The officers were both retired but came back to work to be school resource officers.

Posted: Sep 23, 2019 3:20 PM
Updated: Sep 23, 2019 5:52 PM

Sheffield City Schools now have resource officers in every school.

A state law change takes retired police officers with 25 years experience in good standing out of retirement and puts them in Sheffield's two elementary schools without having to go through re-certification.

Officer Howell is the new school resource officer at W.A. Threadgill Primary School, and Officer Hugley is at L.E. Wilson Elementary School.

"I'm enjoying it. I love my job. I like being here, and it's very fulfilling," said Officer Hugley.

Both Hugley and Howell have been on the job for several weeks. Stoney Hugley retired from the Colbert County Sheriff's Office back in March. He said he was enjoying retirement when the Sheffield police chief called him and asked if he wanted to come on board as a school resource officer.

"I called him back and told him, 'Yeah, I'd be glad to,' and I just fell back into the swing of things," said Hugley.

Under a new state law change, police departments can now hire retired police officers in good standing without having to do any re-certification, but they do have to go through an active shooter training course. That new law helped both elementary schools get added protection with the two new school resource officers.

"As a parent, when I dropped them off, I wanted them to be safe and I never had to worry about that, because their school had a full time SRO. So, I know when our parents drop their kids off, they feel the same way, so I can relate as a parent," said the L.E. Wilson Elementary School principal, Heather Collum.

Collum said having Officer Hugley on campus gives her peace of mind.

"He's a professional. I'm a professional.
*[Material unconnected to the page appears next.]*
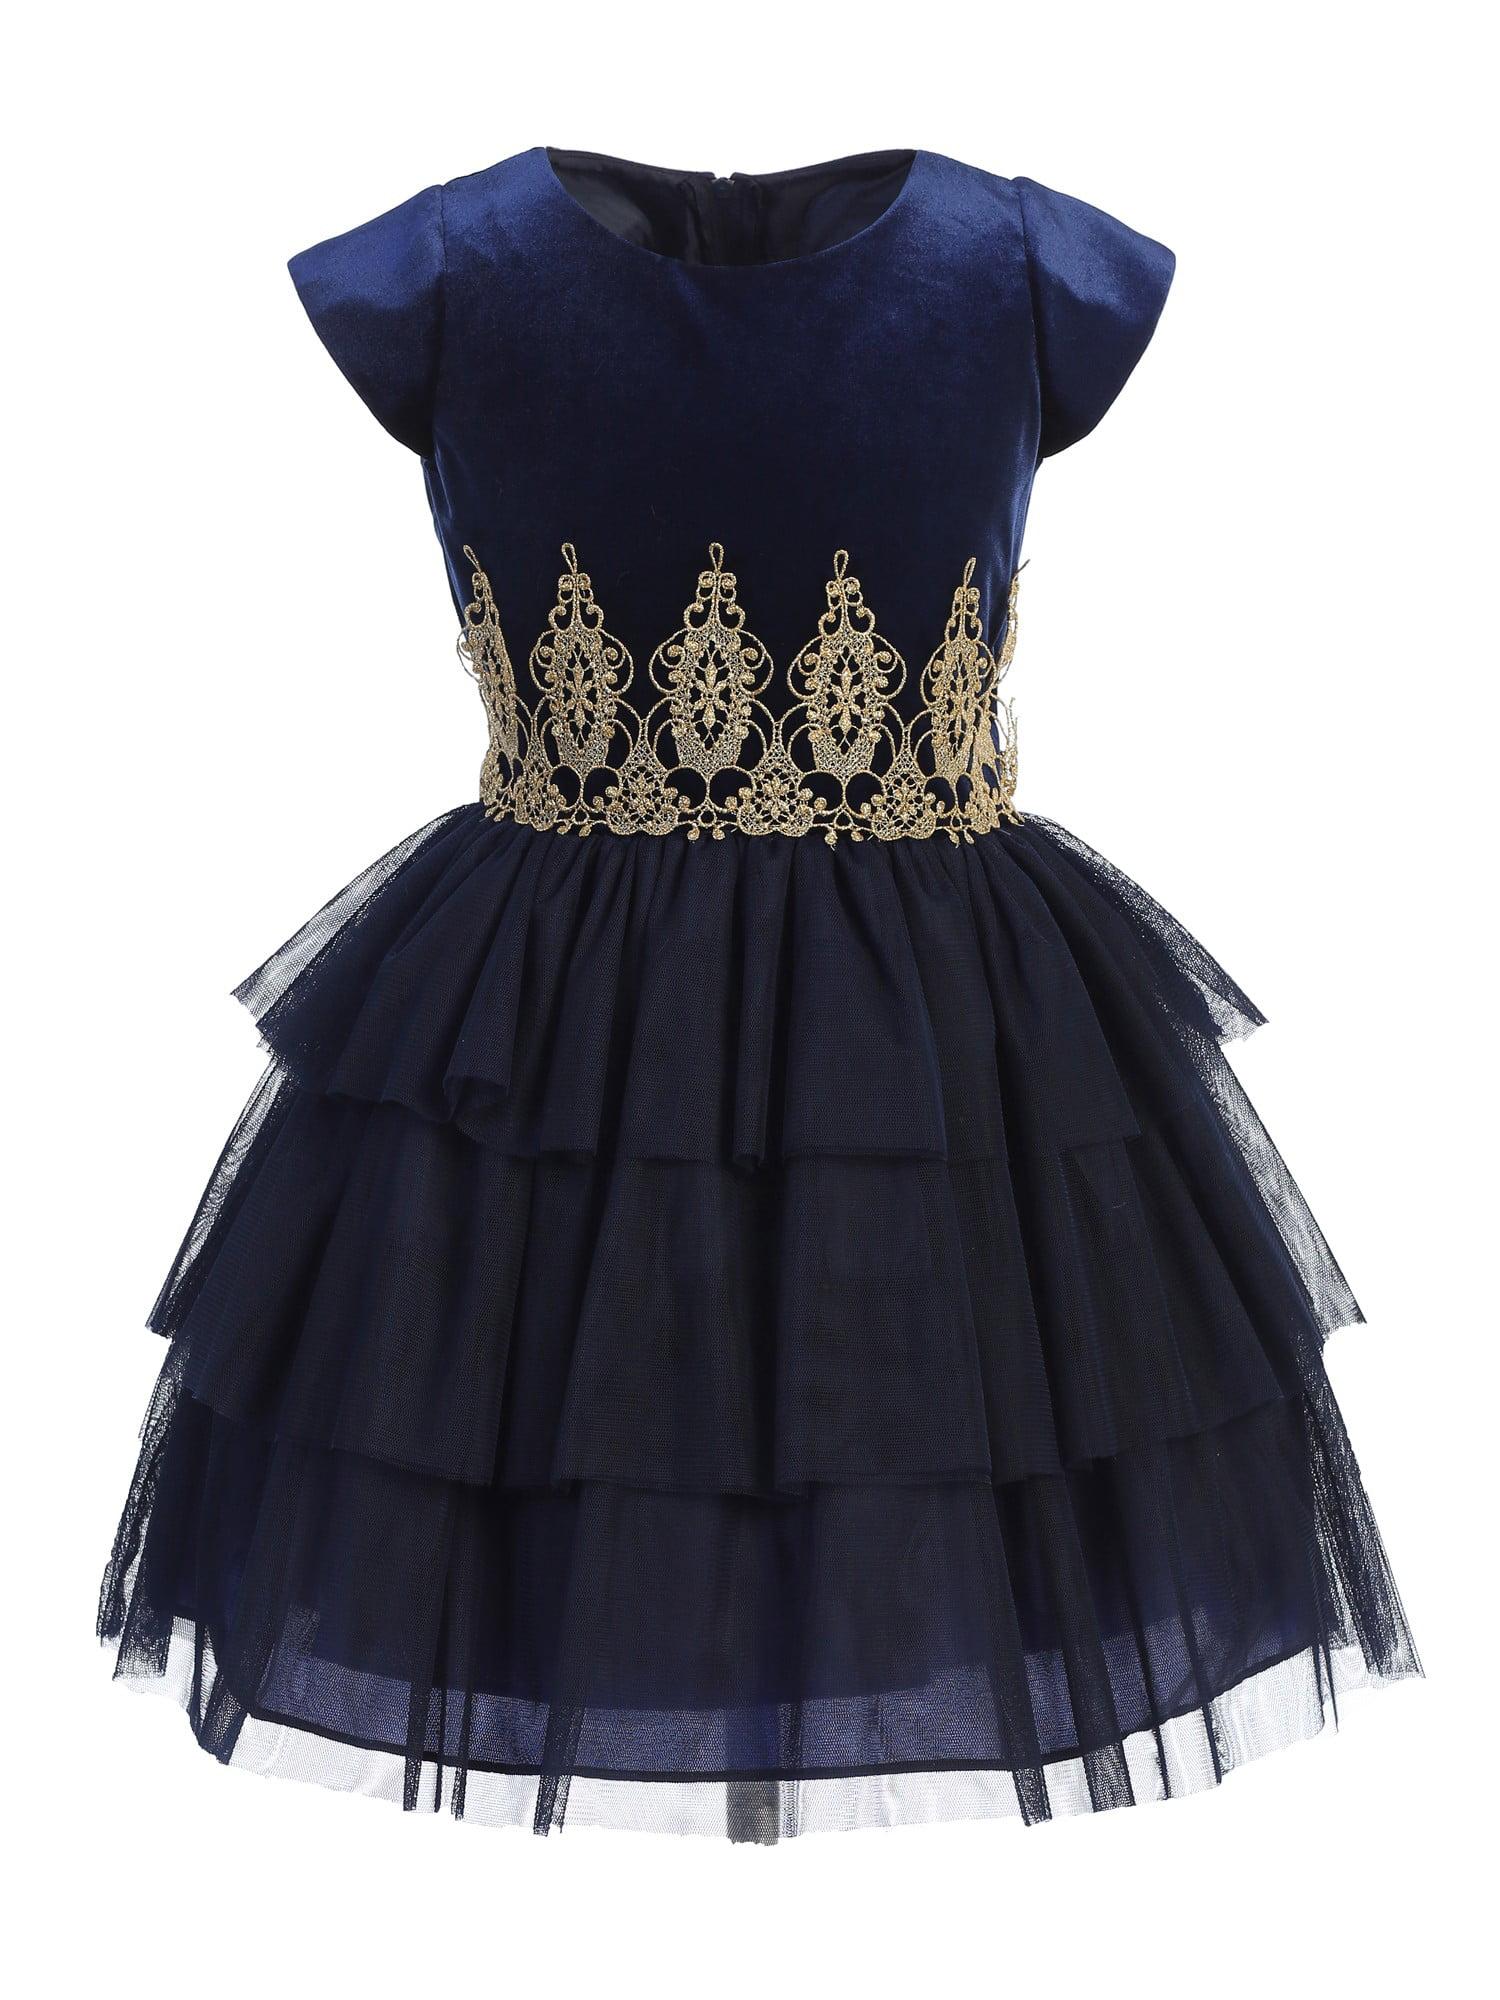 Sweet Kids Little Girls Navy Blue Lace Tiered Short Sleeve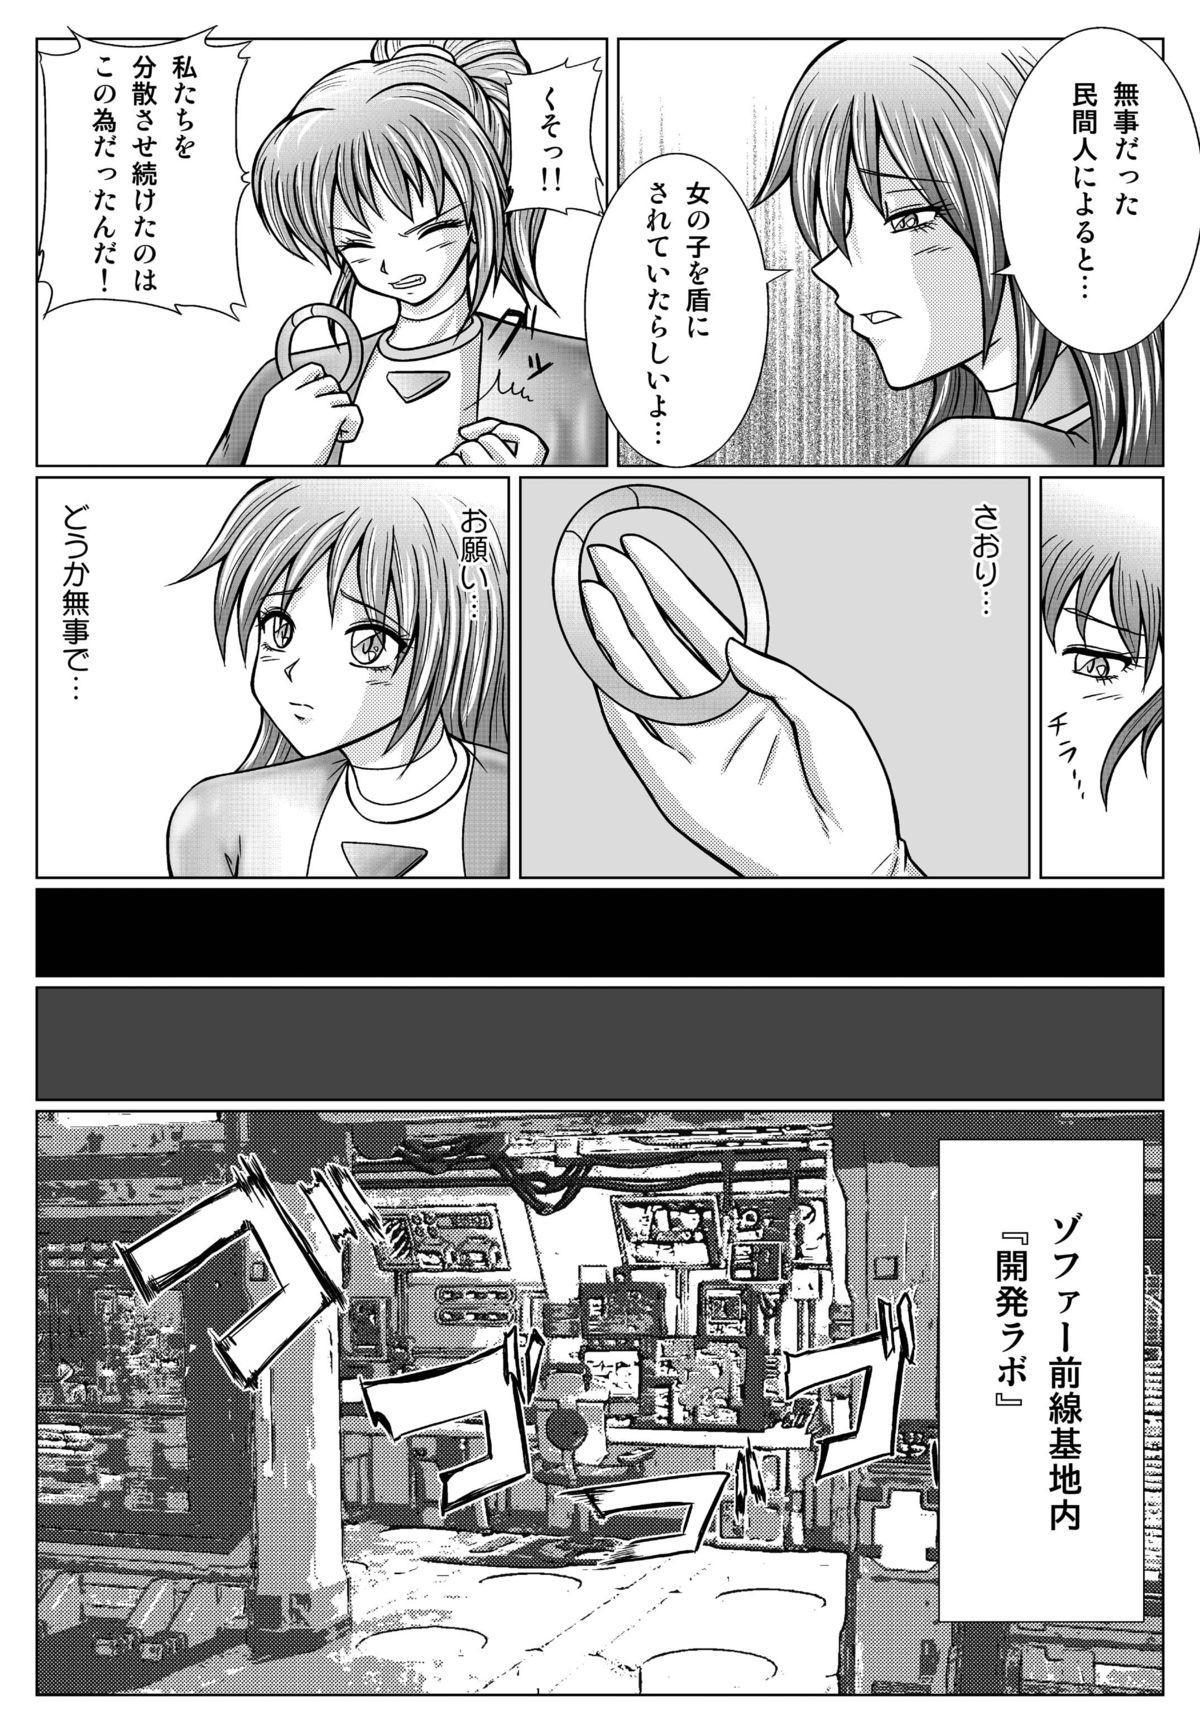 [Macxe's (monmon)] Tokubousentai Dinaranger ~Heroine Kairaku Sennou Keikaku~ Vol.01/02/03 (Renkaban) [Digital] 47

We've collaborated on those things, so I know that if something were to happen, he's right here with me and we wouldn't have a wait time," said Collum.

Officer Hugley and Officer Howell said protecting students is their number one priority, but they use this opportunity to make those friendships too.

"I try to not be their mom or dad, but be a role model for them and be respectful, and it just feels like you're doing a good work," said Hugley.

Both Hugley and Howell are at their schools anytime they're in session to protect students and staff. The officers are paid $15 an hour and that cost is split between the school system and police department.